DiGeorge Syndrome is a result of a microdeletion in a segment of chromosome 22. Other names for this syndrome include:

  • Velocardiofacial syndrome
  • Shprintzen syndrome
  • conotruncal anomaly face syndrome
  • 22q11.2 deletion syndrome

Deletion is heterozygous and involves the long arm, q, of chromosome 22, hence the name 22q11.2 deletion syndrome. Up to 50 genes may be affected as a result of such deletions. About 93 % of cases are de novo mutations during early fetal development while 7 % are inherited in autosomal dominant patterns from affected parents. The frequency of DiGeorge Syndrome is 1 in 4000 births.

22q11.2 deletion syndrome is inherited in an autosomal dominant pattern.

Signs and Symptoms of DiGeorge Syndrome

There are variable symptoms related to the DiGeorge Syndrome and a marked variability in clinical expression among different individuals. Commonly associated signs and symptoms include:

  • Congenital heart disease, found in around 40 % of the individuals.
  • Common anomalies are: Interrupted aortic arch, patent truncus arteriosus, tetralogy of Fallot, ventricular septal defect
  • Poor circulation of oxygenated blood results in cyanosis
  • Palatal defects, particularly cleft palate, and velopharyngeal incompetence
  • Affected individuals have characteristic facial features like hypertelorism, tubular nose,
    DiGeorge Syndrome

    Image: “Facial appearance of Patient VC901 with atypical 22q11.2 deletion. Note the broad square face, hypotelorism, narrow nasal base and broad nasal bridge, overhanging nasal tip, deviated nasal tip (state post cleft lip repair), short philtrum, narrow mouth, chin dimple and broad neck.” by BMC Med Genet. License: CC BY 2.0

    and hooded eyes (these features may be subtle)

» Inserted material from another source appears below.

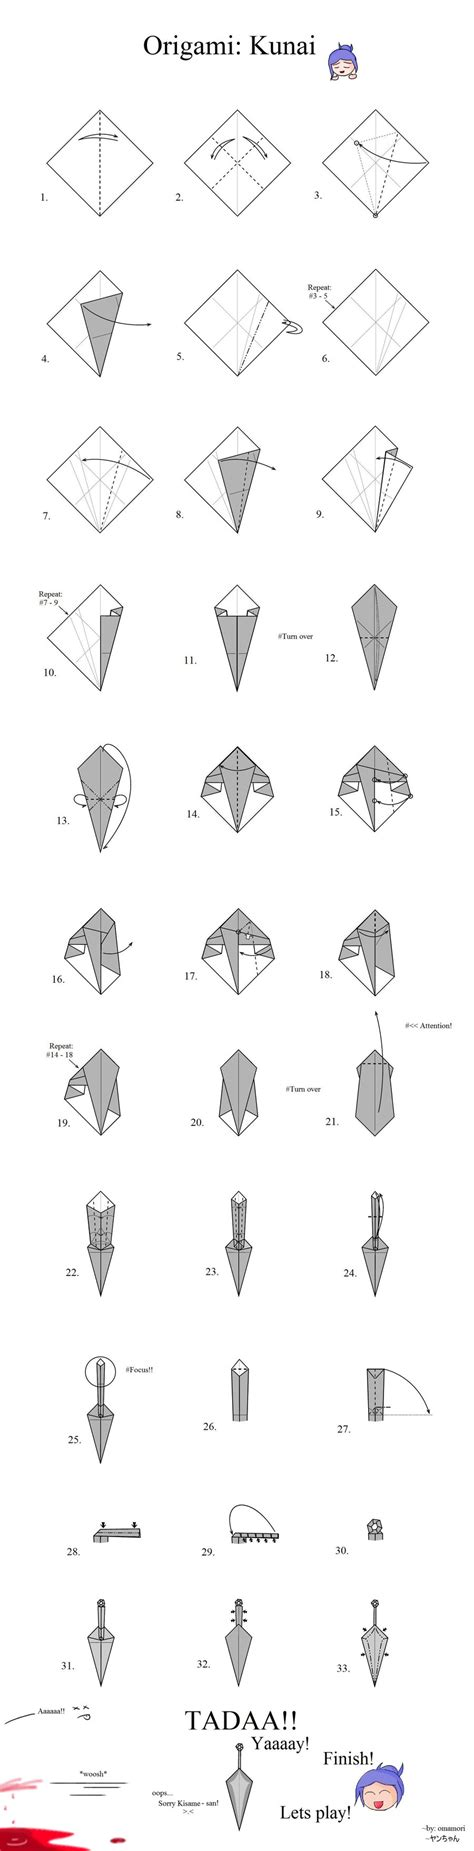 origami kunai knife tutorial origami kunai by mahou no omamori on deviantart

  • Learning difficulties are found in 90 % of the cases (attention deficit disorders and cognitive deficits are common)
  • Deficiency of growth hormone
  • Hypoparathyroidism, found in around 50 % of the cases (Hypoparathyroidism leads to hypocalcemia)
  • Skeletal abnormalities
  • Problems related to feeding
  • Thymic aplasia due to failure to develop third and fourth pharyngeal pouches
  • Conductive and sensorineural hearing loss
  • Seizures which may be due to hypocalcemia
  • Anomalies of respiratory and digestive tracts (Laryngotracheoesophageal problems)
  • Renal anomalies are found in up to 37 % of the patients
  • Autoimmune diseases such as Graves disease and rheumatoid arthritis
  • Poor immunity due to reduced T cells
  • Psychiatric disorders such as depression, bipolar disorder, attention deficit hyperactivity disorder (ADHD) and schizophrenia

Diagnosis of DiGeorge Syndrome

Variations in the phenotypes of DiGeorge syndrome make the diagnosis difficult. Patients who have one or more deletion signs are more likely to have 22q11.2 deletion syndrome.

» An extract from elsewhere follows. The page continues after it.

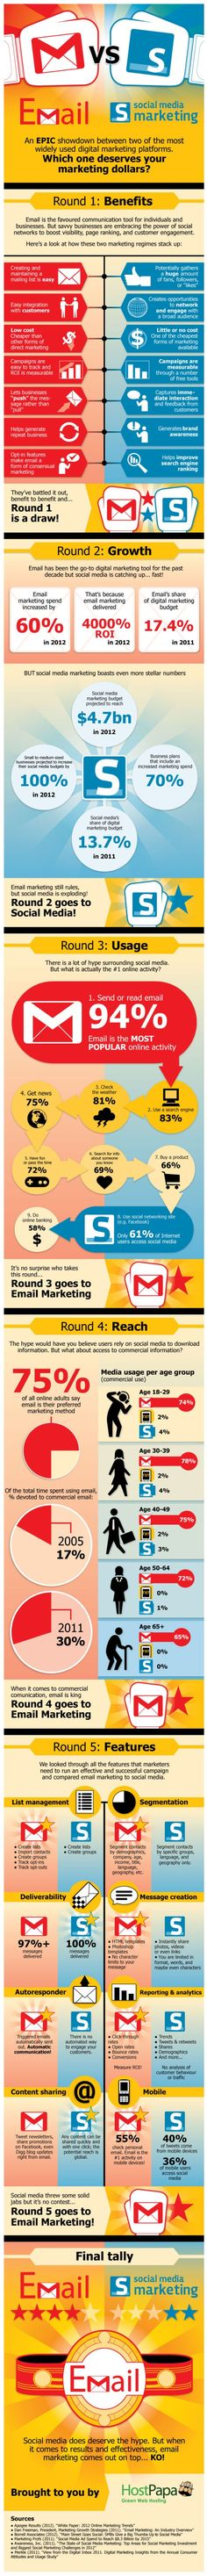 Infographic: e-mail versus social - Emerce

  • Genetic testing is used for prenatal diagnosis using BACs-on-Beads or fluorescence in situ hybridization
  • Karyotyping may not detect microdeletions
  • Array-comparative genomic hybridization is used to detect deletions or duplications through screening the entire genome
  • Latest diagnostic methods include Quantitative Polymerase Chain Reaction and Multiplex Ligation-Dependent Probe Amplification Assay

Other lab work and procedures include:

  • ECG
  • Cardiac echocardiography (ECHO)
  • Serum calcium and phosphorus
  • Thyroid profile test
  • Chest x-rays to look for thymus
  • Complete blood picture (CBC)
  • Immunoglobulin levels
  • Renal ultrasound

Treatment of DiGeorge Syndrome

There is no cure for the 22q11.2 deletion syndrome. Management is aimed at treating the associated features of the disease. Treatment revolves around a multidisciplinary approach with the aim to improve the function of affected organ systems.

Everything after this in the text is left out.